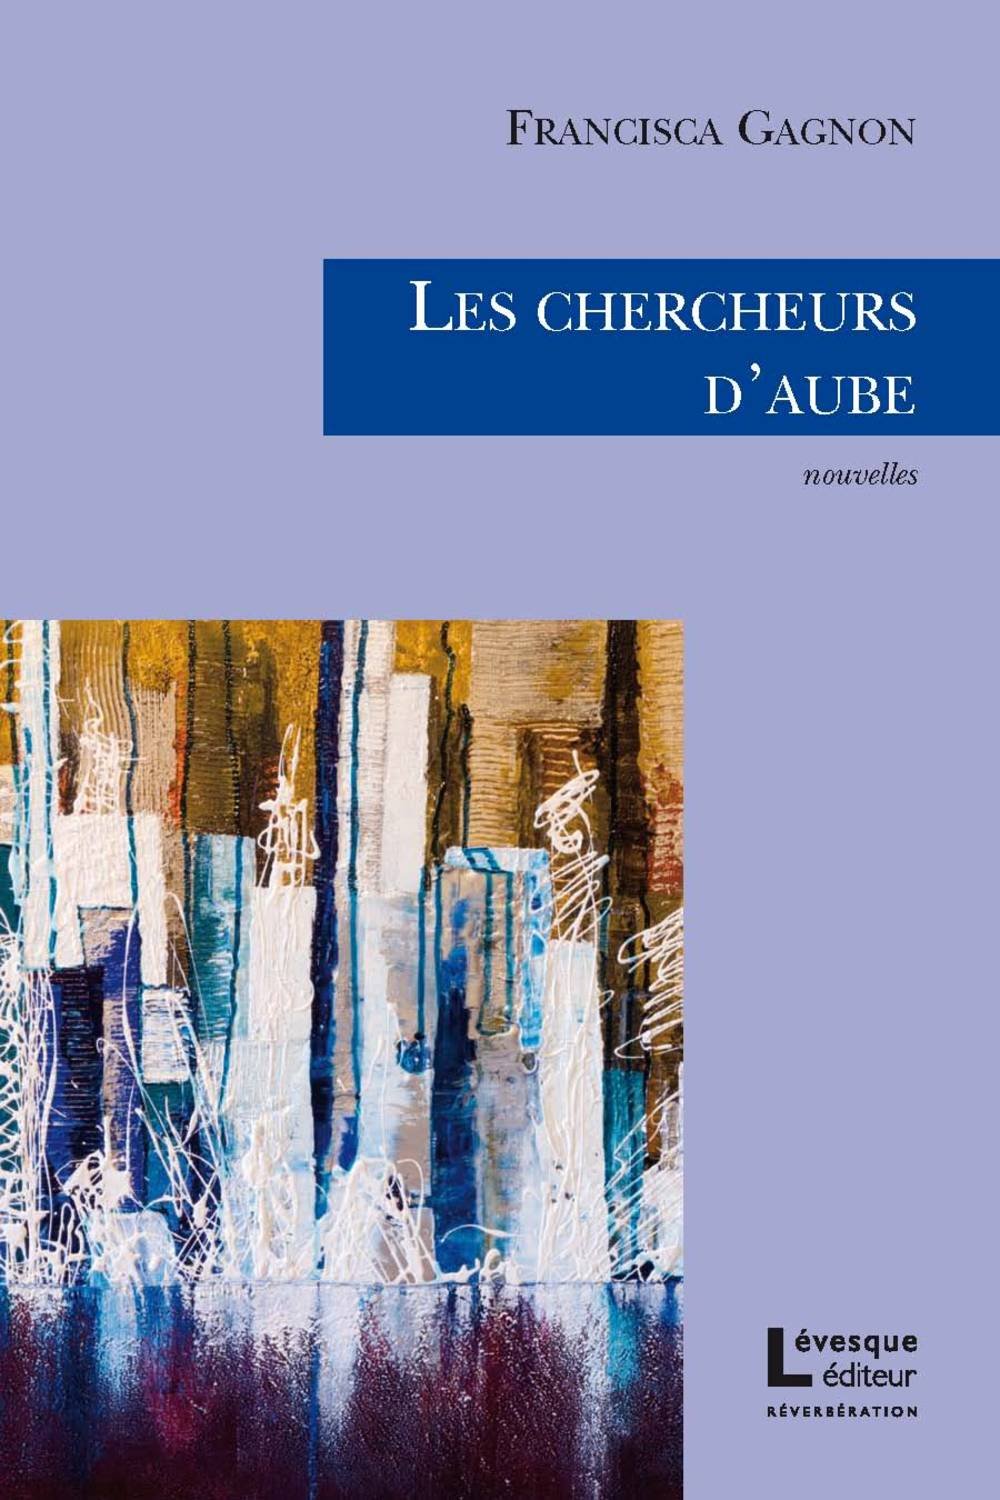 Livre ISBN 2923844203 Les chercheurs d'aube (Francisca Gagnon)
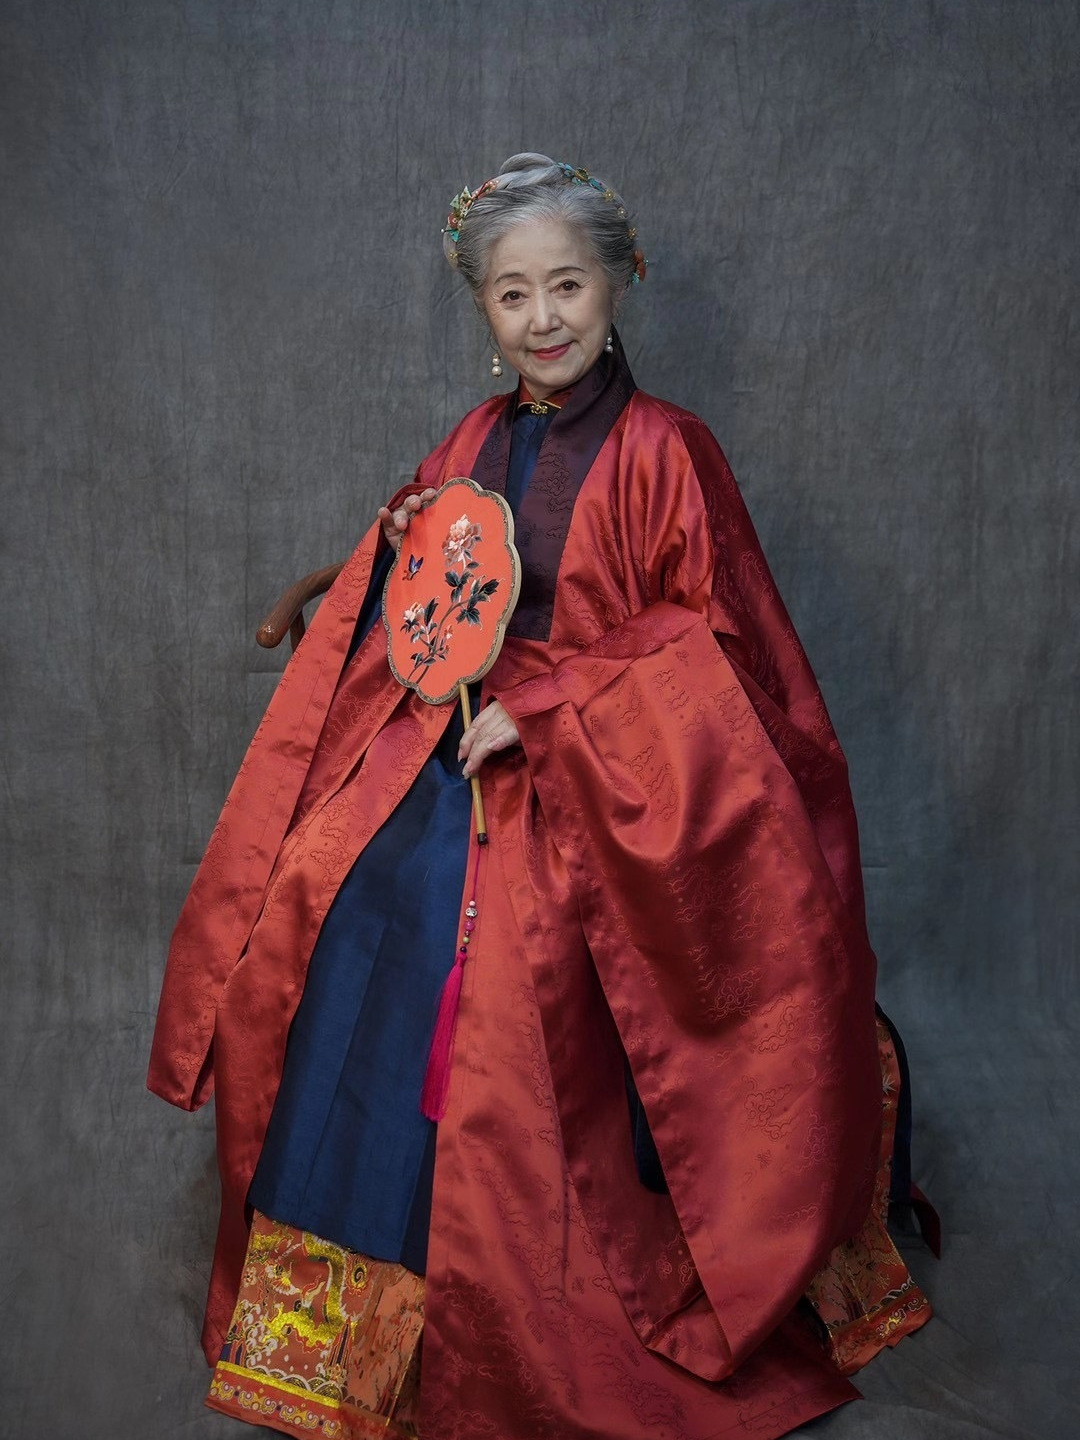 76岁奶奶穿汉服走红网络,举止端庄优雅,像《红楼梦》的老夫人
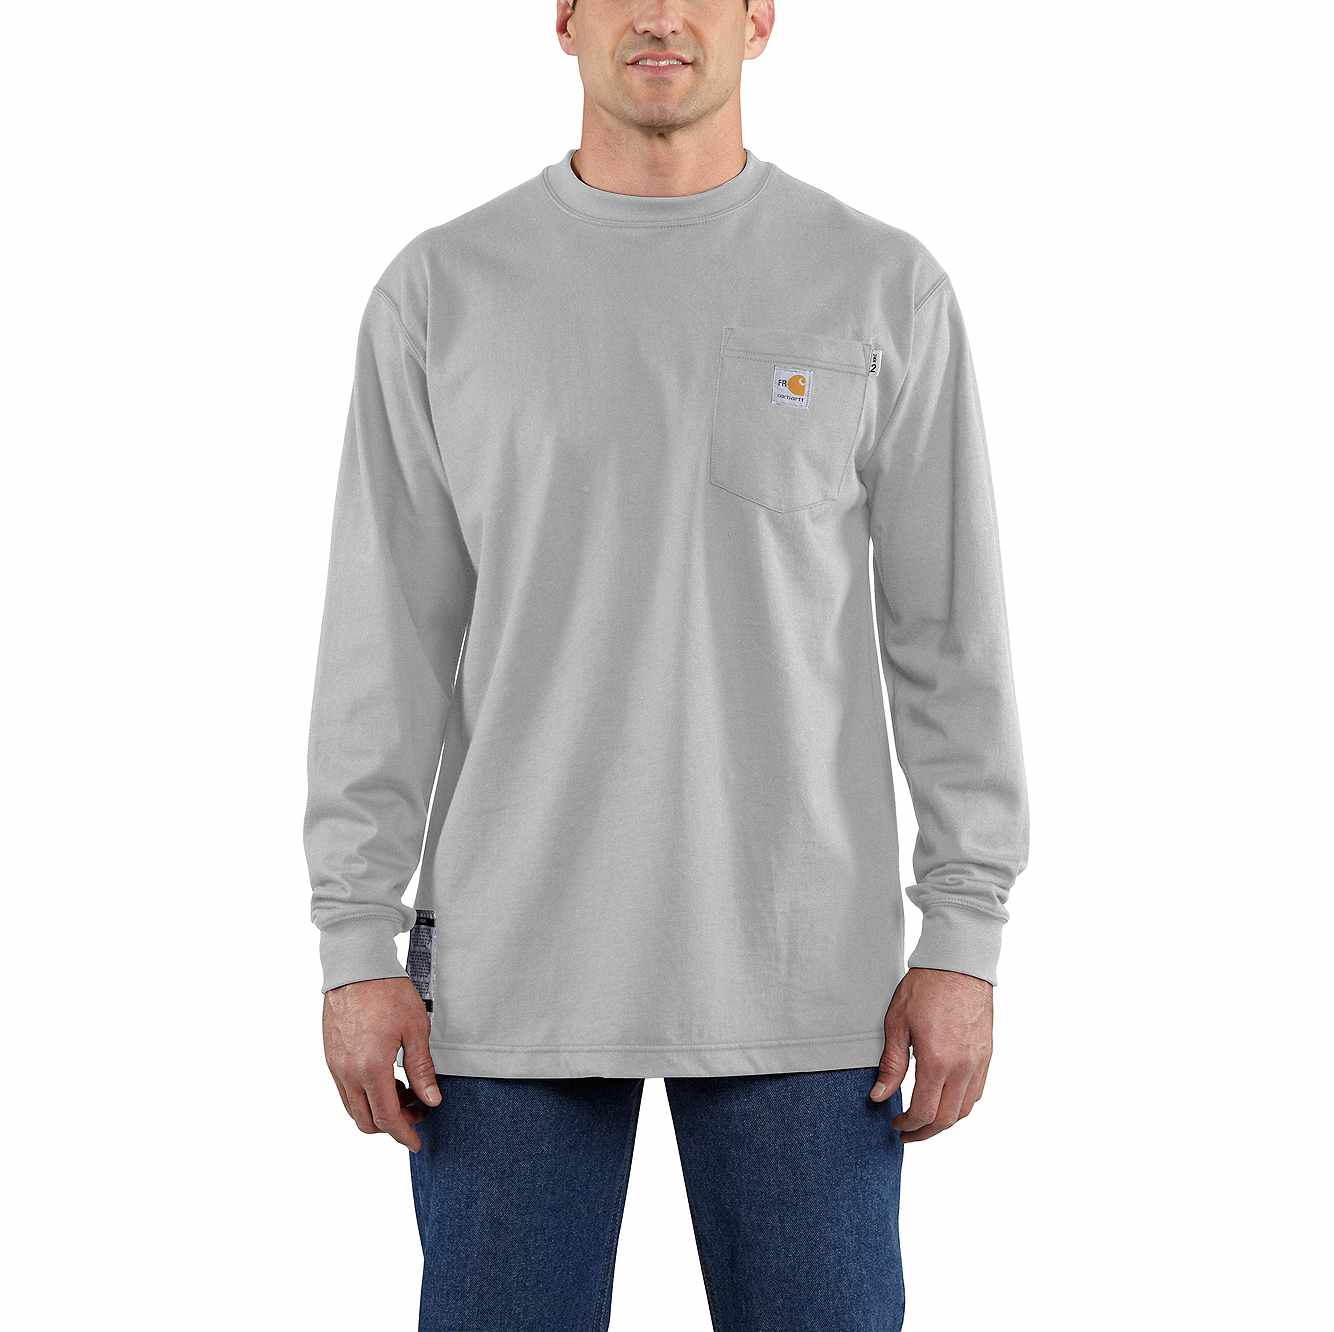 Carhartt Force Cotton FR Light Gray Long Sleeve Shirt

·····

**Brief:**
Leave out the pictures and return the listing exactly.

**Answer below:**
 Livre ISBN 2923844203 Les chercheurs d'aube (Francisca Gagnon)
 76岁奶奶穿汉服走红网络,举止端庄优雅,像《红楼梦》的老夫人
 Carhartt Force Cotton FR Light Gray Long Sleeve Shirt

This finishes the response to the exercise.